Li Tao, Tong Jinjie, Liu Muhua, Yao Mingyin, Xiao Zhifeng, Li Chengjie
College of Engineering, Jiangxi Agricultural University, Nanchang 330045, China.
Jiangxi Institute of Science and Technology Information, Nanchang 330000, China.
Foods. 2022 Dec 11;11(24):4009. doi: 10.3390/foods11244009.
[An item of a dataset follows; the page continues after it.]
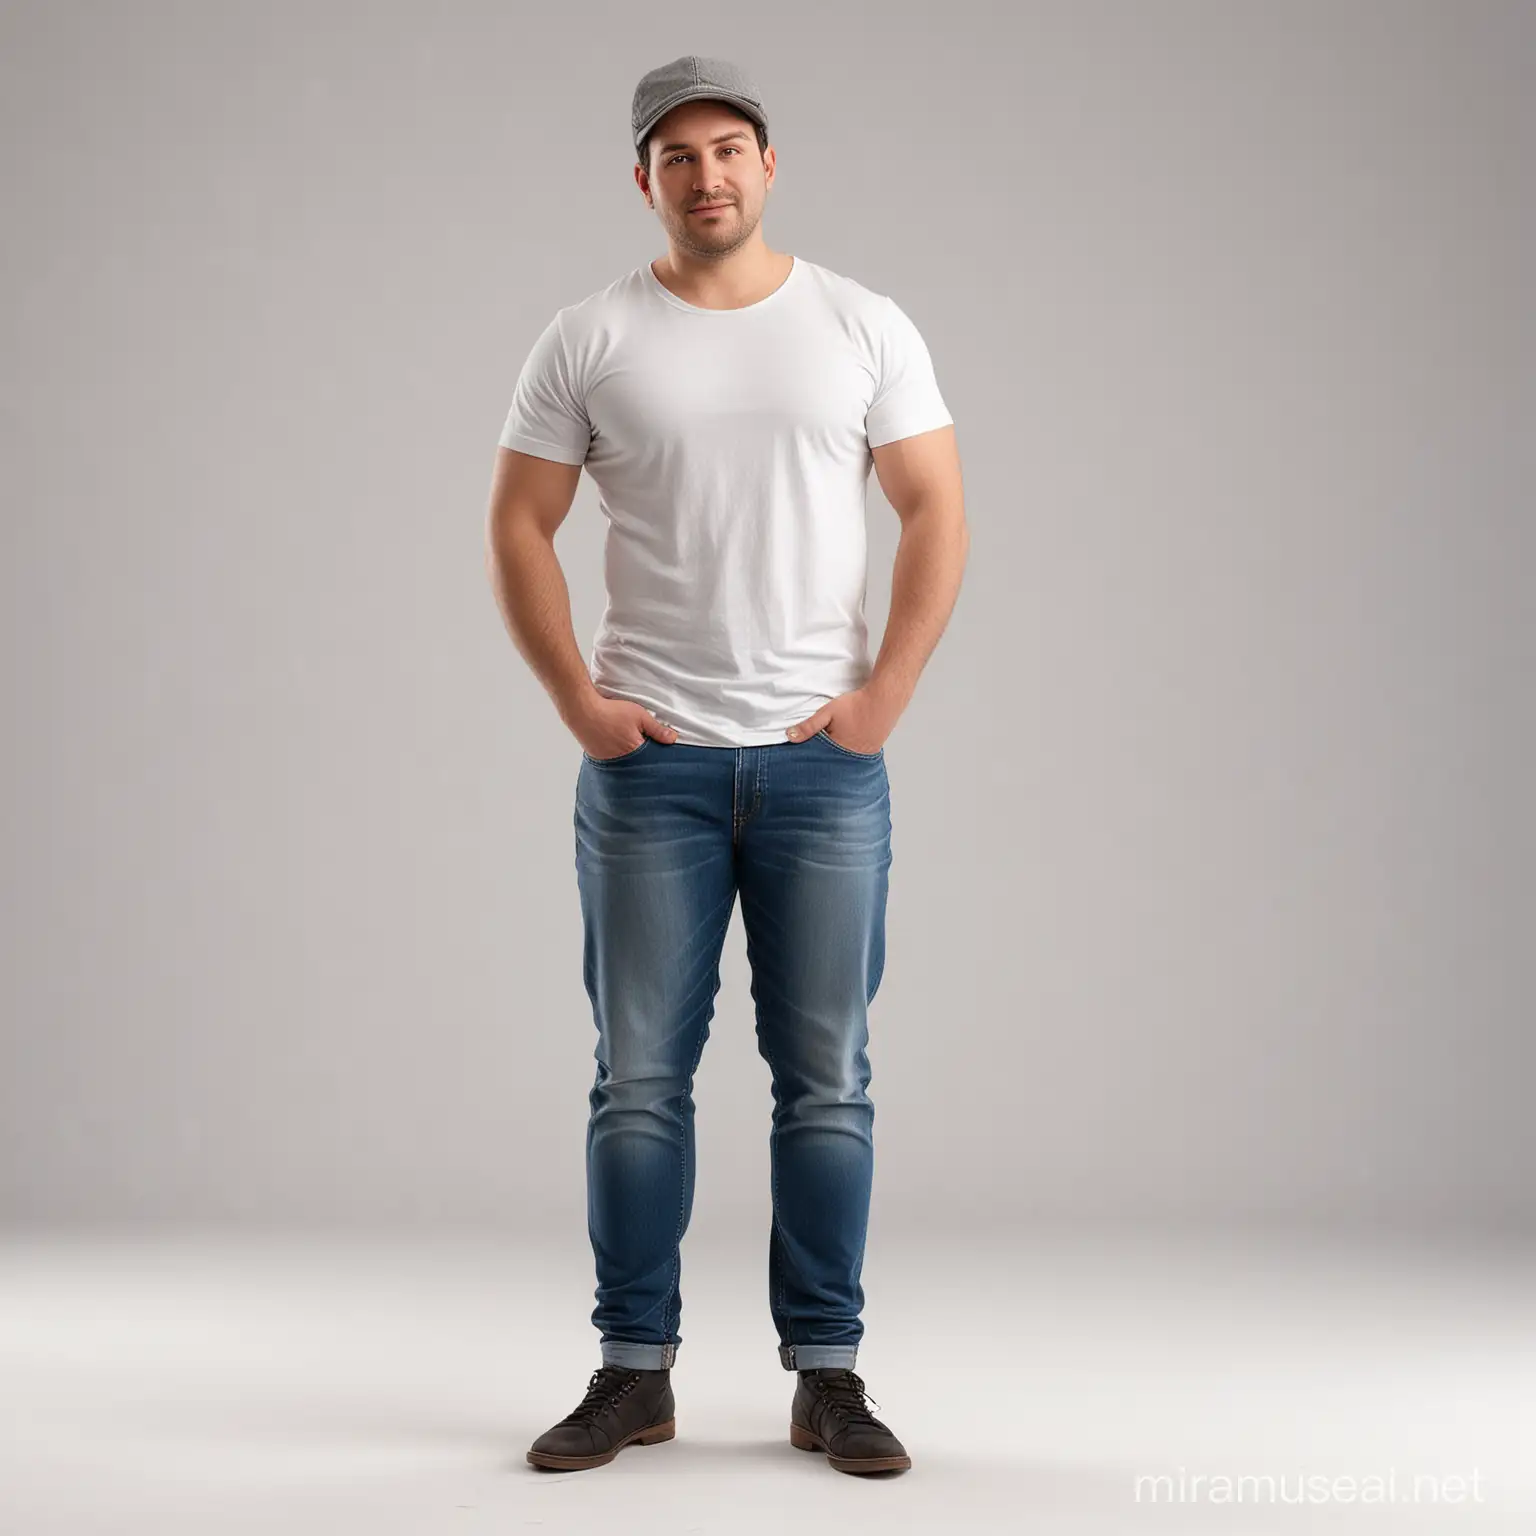 A standing photorealistic man 30 years old,chubby face,wear hat,short hair and black hair,in jeans and a smooth white T-shirt without pockets and strapless, a front view  in a photographic studio isolated on a white background.

Online detection of impurities content in the corn deep-bed drying process is the key technology to ensure stable operation and to provide data support for self-adapting control of drying equipment. In this study, an automatic approach to corn image acquisition, impurity classification and recognition, and impurities content detection based on machine vision technology are proposed. The multi-scale retinex with colour restore (MSRCR) algorithm is utilized to enhance the original image for eliminating the influence of noise. HSV (Hue, saturation, value) colour space parameter threshold is set for image segmentation, and the classification and recognition results are obtained combined with the morphological operation. The comprehensive evaluation index is adopted to quantitatively evaluate the test results. Online detection results show that the comprehensive evaluation index of broken corncobs, broken bracts, and crushed stones are 83.05%, 83.87%, and 87.43%, respectively. The proposed algorithm can quickly and effectively identify the impurities in corn images, providing technical support and a theoretical basis for monitoring impurities content in the corn deep-bed drying process.
在线检测玉米深床干燥过程中的杂质含量是确保干燥设备稳定运行并为其自适应控制提供数据支持的关键技术。本研究提出了一种基于机器视觉技术的玉米图像自动采集、杂质分类识别及杂质含量检测方法。利用带颜色恢复的多尺度视网膜算法(MSRCR)对原始图像进行增强,以消除噪声影响。设置HSV(色调、饱和度、明度)颜色空间参数阈值进行图像分割,并结合形态学运算得到分类识别结果。采用综合评价指标对检测结果进行定量评估。在线检测结果表明,破碎玉米棒、破碎苞叶和碎石的综合评价指标分别为83.05%、83.87%和87.43%。所提算法能够快速有效地识别玉米图像中的杂质,为玉米深床干燥过程中杂质含量监测提供技术支持和理论依据。